È un episodio raro e, per chi usa l'AI per lavorare, istruttivo. Perché mette il dito su una cosa che spesso si dimentica: un modello di intelligenza artificiale non è una proprietà della tua azienda. È un fornitore. E un fornitore, anche il migliore, può sparire da un giorno all'altro — a volte per cause che non dipendono nemmeno da lui. In questo articolo, senza tecnicismi, vediamo cosa è successo, perché riguarda anche te e come si costruisce un software che non si blocca quando capita.
Cosa è successo, in parole semplici
I fatti, raccontati come li ha comunicati Anthropic stessa.
- Quando. Il 12 giugno 2026, alle 17:21 ora di New York, Anthropic ha ricevuto una direttiva del governo statunitense. La disattivazione è stata immediata.
- Cosa. Sono stati spenti Fable 5 e Mythos 5, e solo loro. Per tutti i clienti, dentro e fuori dagli Stati Uniti, senza eccezioni. Senza una data di ritorno.
- Perché. Si tratta di una norma sul controllo delle esportazioni (export control) legata alla sicurezza nazionale. Secondo Anthropic, il governo ritiene di essere venuto a conoscenza di un modo per aggirare le protezioni del modello — quello che in gergo si chiama "jailbreak", cioè convincere l'AI a fare cose che dovrebbe rifiutare.

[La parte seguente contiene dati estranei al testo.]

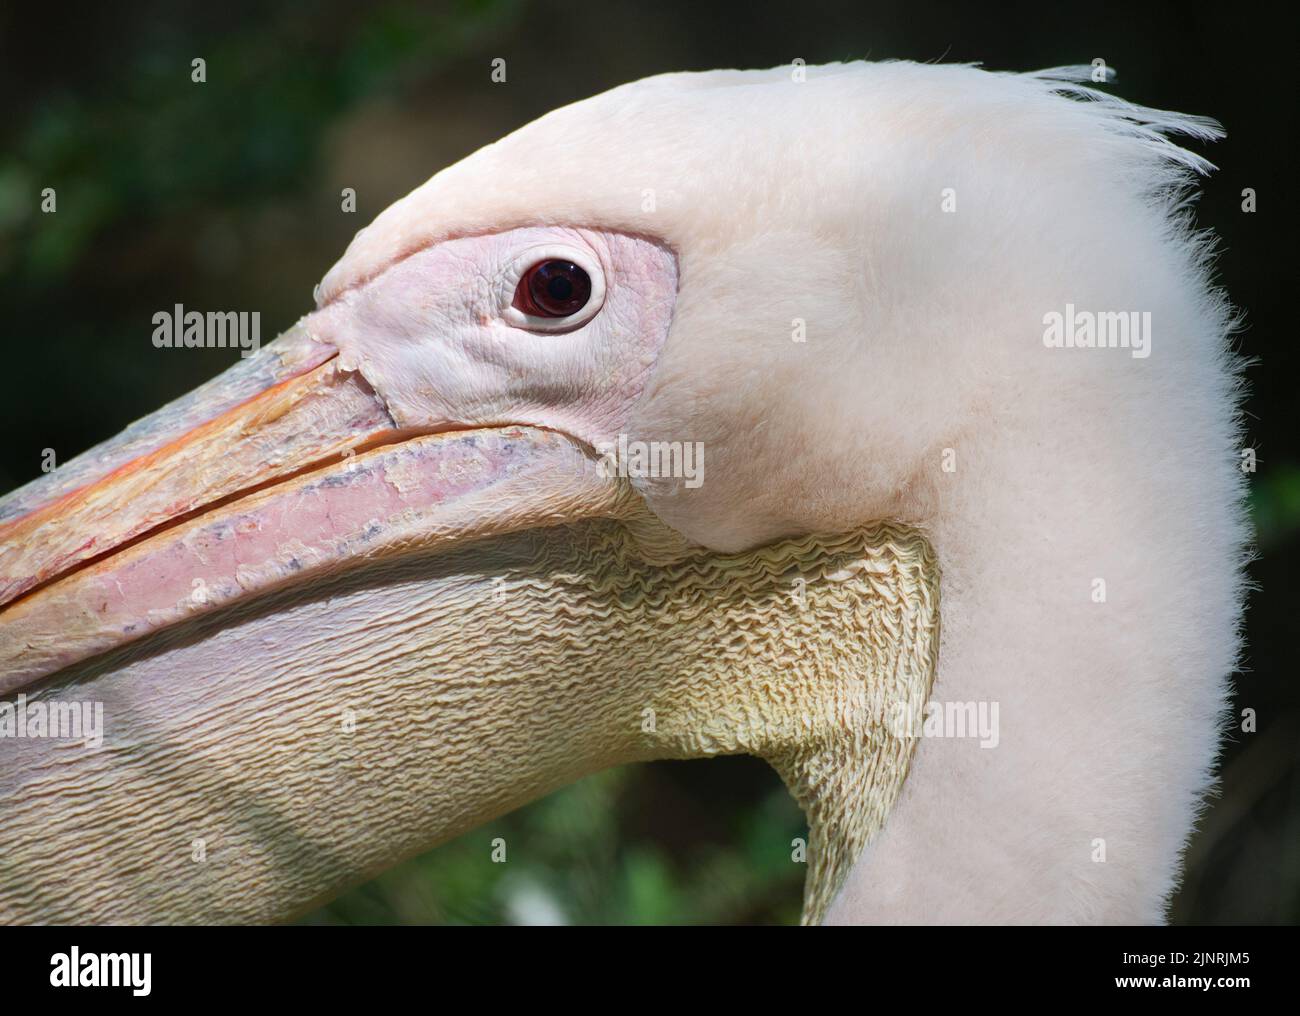 Gran Pelican Blanco, Pelecanus onocrotalus, mostrando los detalles de la cabeza. Especie también conocida como Pelican Blanco del Este, Pelican Rosy o Pelican Blanco. Foto de stock

- La posizione di Anthropic. L'azienda ha esaminato la dimostrazione e l'ha descritta come "un piccolo numero di vulnerabilità minori e già note". Si è detta in disaccordo con l'idea che un problema così circoscritto giustifichi il ritiro di un modello usato da centinaia di milioni di persone, e ha dichiarato di lavorare per ripristinarlo al più presto.
Tradotto: il fornitore non voleva spegnere il prodotto, ma ha dovuto farlo per un ordine che arriva da fuori. Per chi quel prodotto lo aveva messo dentro al proprio lavoro, la causa conta poco. Conta l'effetto: il giorno dopo non funzionava più.
Una nota che vale oro, e che spiega il resto dell'articolo: tutti gli altri modelli di Anthropic sono rimasti in funzione. Claude Opus 4.8 — che fino a tre giorni prima era il modello di punta — Sonnet 4.6, Haiku 4.5: tutti regolarmente disponibili. Il blocco ha colpito una porta, non l'intero edificio.
Il vero problema: chi ci aveva costruito sopra
Una notizia del genere, sui giornali, dura un giorno. Per alcune aziende è durata molto di più.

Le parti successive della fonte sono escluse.